Each line below is to be copied out exactly, and none may be omitted.
(Beginning of Working data)
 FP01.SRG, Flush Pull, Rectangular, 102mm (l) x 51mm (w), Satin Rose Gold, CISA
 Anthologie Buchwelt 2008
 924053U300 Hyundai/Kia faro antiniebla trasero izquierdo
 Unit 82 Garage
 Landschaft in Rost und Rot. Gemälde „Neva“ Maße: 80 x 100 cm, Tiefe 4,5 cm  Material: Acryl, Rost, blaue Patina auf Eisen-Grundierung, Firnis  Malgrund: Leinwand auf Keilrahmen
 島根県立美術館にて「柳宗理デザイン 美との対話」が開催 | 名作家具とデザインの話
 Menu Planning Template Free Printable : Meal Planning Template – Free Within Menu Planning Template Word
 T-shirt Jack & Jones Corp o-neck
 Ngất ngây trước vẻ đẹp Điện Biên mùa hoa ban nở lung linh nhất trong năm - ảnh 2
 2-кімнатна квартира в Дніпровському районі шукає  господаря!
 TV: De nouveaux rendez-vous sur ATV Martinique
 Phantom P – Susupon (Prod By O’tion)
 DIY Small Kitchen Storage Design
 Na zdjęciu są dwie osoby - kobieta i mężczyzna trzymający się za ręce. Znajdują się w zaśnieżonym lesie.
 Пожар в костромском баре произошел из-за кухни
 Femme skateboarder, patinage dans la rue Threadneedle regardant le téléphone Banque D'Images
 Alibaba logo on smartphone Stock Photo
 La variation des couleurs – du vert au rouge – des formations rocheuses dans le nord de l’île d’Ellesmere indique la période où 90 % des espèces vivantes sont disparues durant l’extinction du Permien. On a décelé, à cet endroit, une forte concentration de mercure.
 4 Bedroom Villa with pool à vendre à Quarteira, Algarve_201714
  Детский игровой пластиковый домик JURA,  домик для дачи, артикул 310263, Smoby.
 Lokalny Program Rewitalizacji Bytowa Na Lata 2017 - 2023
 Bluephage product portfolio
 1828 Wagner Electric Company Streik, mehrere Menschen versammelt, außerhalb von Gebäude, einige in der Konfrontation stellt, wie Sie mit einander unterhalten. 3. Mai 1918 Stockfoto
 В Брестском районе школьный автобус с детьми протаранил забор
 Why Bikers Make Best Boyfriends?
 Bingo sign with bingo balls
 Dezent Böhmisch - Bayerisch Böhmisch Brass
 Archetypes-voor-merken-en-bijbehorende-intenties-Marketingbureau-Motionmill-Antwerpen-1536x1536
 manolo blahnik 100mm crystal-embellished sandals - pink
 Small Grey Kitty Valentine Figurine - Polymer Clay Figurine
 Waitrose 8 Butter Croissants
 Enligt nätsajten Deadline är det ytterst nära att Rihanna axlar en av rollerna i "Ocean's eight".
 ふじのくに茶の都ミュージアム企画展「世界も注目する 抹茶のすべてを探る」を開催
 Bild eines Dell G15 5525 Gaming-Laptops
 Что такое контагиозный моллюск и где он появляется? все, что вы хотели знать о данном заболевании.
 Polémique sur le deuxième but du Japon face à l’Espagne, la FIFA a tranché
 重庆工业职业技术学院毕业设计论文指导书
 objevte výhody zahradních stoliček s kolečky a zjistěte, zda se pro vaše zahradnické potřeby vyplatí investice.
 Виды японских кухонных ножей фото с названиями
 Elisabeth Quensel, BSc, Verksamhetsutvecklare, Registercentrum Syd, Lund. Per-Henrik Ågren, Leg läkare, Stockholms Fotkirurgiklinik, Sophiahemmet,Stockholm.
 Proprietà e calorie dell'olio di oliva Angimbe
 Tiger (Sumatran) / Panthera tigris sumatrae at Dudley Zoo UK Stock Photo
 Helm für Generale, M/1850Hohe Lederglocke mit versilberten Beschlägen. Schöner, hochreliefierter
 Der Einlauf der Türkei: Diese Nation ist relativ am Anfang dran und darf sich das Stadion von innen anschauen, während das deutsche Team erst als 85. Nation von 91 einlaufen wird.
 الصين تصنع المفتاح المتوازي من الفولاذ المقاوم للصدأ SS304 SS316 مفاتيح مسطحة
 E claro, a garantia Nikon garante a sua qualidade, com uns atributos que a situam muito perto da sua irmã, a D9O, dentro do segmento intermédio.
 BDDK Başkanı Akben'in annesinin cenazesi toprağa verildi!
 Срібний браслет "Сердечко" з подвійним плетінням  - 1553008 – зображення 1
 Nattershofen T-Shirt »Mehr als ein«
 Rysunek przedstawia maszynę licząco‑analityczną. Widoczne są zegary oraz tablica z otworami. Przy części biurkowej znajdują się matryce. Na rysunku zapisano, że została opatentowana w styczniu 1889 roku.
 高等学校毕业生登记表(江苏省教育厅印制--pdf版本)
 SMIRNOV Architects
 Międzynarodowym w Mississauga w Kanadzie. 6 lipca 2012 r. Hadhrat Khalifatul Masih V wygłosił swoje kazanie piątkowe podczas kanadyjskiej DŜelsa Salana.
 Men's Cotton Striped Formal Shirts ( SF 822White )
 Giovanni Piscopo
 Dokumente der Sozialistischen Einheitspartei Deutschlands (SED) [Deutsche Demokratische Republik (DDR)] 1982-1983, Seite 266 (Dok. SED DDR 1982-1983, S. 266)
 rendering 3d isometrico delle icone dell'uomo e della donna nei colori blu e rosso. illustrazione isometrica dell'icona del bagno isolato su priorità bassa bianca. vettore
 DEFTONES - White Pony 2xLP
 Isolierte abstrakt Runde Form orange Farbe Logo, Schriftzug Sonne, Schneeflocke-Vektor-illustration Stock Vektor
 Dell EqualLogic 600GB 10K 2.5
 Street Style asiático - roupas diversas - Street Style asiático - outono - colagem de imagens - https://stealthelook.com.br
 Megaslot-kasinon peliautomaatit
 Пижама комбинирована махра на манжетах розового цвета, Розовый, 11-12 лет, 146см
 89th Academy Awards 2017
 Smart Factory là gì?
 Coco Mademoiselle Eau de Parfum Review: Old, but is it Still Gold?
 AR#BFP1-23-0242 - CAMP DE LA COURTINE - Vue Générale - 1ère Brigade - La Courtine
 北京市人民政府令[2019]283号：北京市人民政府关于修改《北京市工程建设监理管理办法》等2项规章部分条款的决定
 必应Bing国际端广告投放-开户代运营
(End of Working data)
Answer to this exercise:
 FP01.SRG, Flush Pull, Rectangular, 102mm (l) x 51mm (w), Satin Rose Gold, CISA
 Anthologie Buchwelt 2008
 924053U300 Hyundai/Kia faro antiniebla trasero izquierdo
 Unit 82 Garage
 Landschaft in Rost und Rot. Gemälde „Neva“ Maße: 80 x 100 cm, Tiefe 4,5 cm  Material: Acryl, Rost, blaue Patina auf Eisen-Grundierung, Firnis  Malgrund: Leinwand auf Keilrahmen
 島根県立美術館にて「柳宗理デザイン 美との対話」が開催 | 名作家具とデザインの話
 Menu Planning Template Free Printable : Meal Planning Template – Free Within Menu Planning Template Word
 T-shirt Jack & Jones Corp o-neck
 Ngất ngây trước vẻ đẹp Điện Biên mùa hoa ban nở lung linh nhất trong năm - ảnh 2
 2-кімнатна квартира в Дніпровському районі шукає  господаря!
 TV: De nouveaux rendez-vous sur ATV Martinique
 Phantom P – Susupon (Prod By O’tion)
 DIY Small Kitchen Storage Design
 Na zdjęciu są dwie osoby - kobieta i mężczyzna trzymający się za ręce. Znajdują się w zaśnieżonym lesie.
 Пожар в костромском баре произошел из-за кухни
 Femme skateboarder, patinage dans la rue Threadneedle regardant le téléphone Banque D'Images
 Alibaba logo on smartphone Stock Photo
 La variation des couleurs – du vert au rouge – des formations rocheuses dans le nord de l’île d’Ellesmere indique la période où 90 % des espèces vivantes sont disparues durant l’extinction du Permien. On a décelé, à cet endroit, une forte concentration de mercure.
 4 Bedroom Villa with pool à vendre à Quarteira, Algarve_201714
  Детский игровой пластиковый домик JURA,  домик для дачи, артикул 310263, Smoby.
 Lokalny Program Rewitalizacji Bytowa Na Lata 2017 - 2023
 Bluephage product portfolio
 1828 Wagner Electric Company Streik, mehrere Menschen versammelt, außerhalb von Gebäude, einige in der Konfrontation stellt, wie Sie mit einander unterhalten. 3. Mai 1918 Stockfoto
 В Брестском районе школьный автобус с детьми протаранил забор
 Why Bikers Make Best Boyfriends?
 Bingo sign with bingo balls
 Dezent Böhmisch - Bayerisch Böhmisch Brass
 Archetypes-voor-merken-en-bijbehorende-intenties-Marketingbureau-Motionmill-Antwerpen-1536x1536
 manolo blahnik 100mm crystal-embellished sandals - pink
 Small Grey Kitty Valentine Figurine - Polymer Clay Figurine
 Waitrose 8 Butter Croissants
 Enligt nätsajten Deadline är det ytterst nära att Rihanna axlar en av rollerna i "Ocean's eight".
 ふじのくに茶の都ミュージアム企画展「世界も注目する 抹茶のすべてを探る」を開催
 Bild eines Dell G15 5525 Gaming-Laptops
 Что такое контагиозный моллюск и где он появляется? все, что вы хотели знать о данном заболевании.
 Polémique sur le deuxième but du Japon face à l’Espagne, la FIFA a tranché
 重庆工业职业技术学院毕业设计论文指导书
 objevte výhody zahradních stoliček s kolečky a zjistěte, zda se pro vaše zahradnické potřeby vyplatí investice.
 Виды японских кухонных ножей фото с названиями
 Elisabeth Quensel, BSc, Verksamhetsutvecklare, Registercentrum Syd, Lund. Per-Henrik Ågren, Leg läkare, Stockholms Fotkirurgiklinik, Sophiahemmet,Stockholm.
 Proprietà e calorie dell'olio di oliva Angimbe
 Tiger (Sumatran) / Panthera tigris sumatrae at Dudley Zoo UK Stock Photo
 Helm für Generale, M/1850Hohe Lederglocke mit versilberten Beschlägen. Schöner, hochreliefierter
 Der Einlauf der Türkei: Diese Nation ist relativ am Anfang dran und darf sich das Stadion von innen anschauen, während das deutsche Team erst als 85. Nation von 91 einlaufen wird.
 الصين تصنع المفتاح المتوازي من الفولاذ المقاوم للصدأ SS304 SS316 مفاتيح مسطحة
 E claro, a garantia Nikon garante a sua qualidade, com uns atributos que a situam muito perto da sua irmã, a D9O, dentro do segmento intermédio.
 BDDK Başkanı Akben'in annesinin cenazesi toprağa verildi!
 Срібний браслет "Сердечко" з подвійним плетінням  - 1553008 – зображення 1
 Nattershofen T-Shirt »Mehr als ein«
 Rysunek przedstawia maszynę licząco‑analityczną. Widoczne są zegary oraz tablica z otworami. Przy części biurkowej znajdują się matryce. Na rysunku zapisano, że została opatentowana w styczniu 1889 roku.
 高等学校毕业生登记表(江苏省教育厅印制--pdf版本)
 SMIRNOV Architects
 Międzynarodowym w Mississauga w Kanadzie. 6 lipca 2012 r. Hadhrat Khalifatul Masih V wygłosił swoje kazanie piątkowe podczas kanadyjskiej DŜelsa Salana.
 Men's Cotton Striped Formal Shirts ( SF 822White )
 Giovanni Piscopo
 Dokumente der Sozialistischen Einheitspartei Deutschlands (SED) [Deutsche Demokratische Republik (DDR)] 1982-1983, Seite 266 (Dok. SED DDR 1982-1983, S. 266)
 rendering 3d isometrico delle icone dell'uomo e della donna nei colori blu e rosso. illustrazione isometrica dell'icona del bagno isolato su priorità bassa bianca. vettore
 DEFTONES - White Pony 2xLP
 Isolierte abstrakt Runde Form orange Farbe Logo, Schriftzug Sonne, Schneeflocke-Vektor-illustration Stock Vektor
 Dell EqualLogic 600GB 10K 2.5
 Street Style asiático - roupas diversas - Street Style asiático - outono - colagem de imagens - https://stealthelook.com.br
 Megaslot-kasinon peliautomaatit
 Пижама комбинирована махра на манжетах розового цвета, Розовый, 11-12 лет, 146см
 89th Academy Awards 2017
 Smart Factory là gì?
 Coco Mademoiselle Eau de Parfum Review: Old, but is it Still Gold?
 AR#BFP1-23-0242 - CAMP DE LA COURTINE - Vue Générale - 1ère Brigade - La Courtine
 北京市人民政府令[2019]283号：北京市人民政府关于修改《北京市工程建设监理管理办法》等2项规章部分条款的决定
 必应Bing国际端广告投放-开户代运营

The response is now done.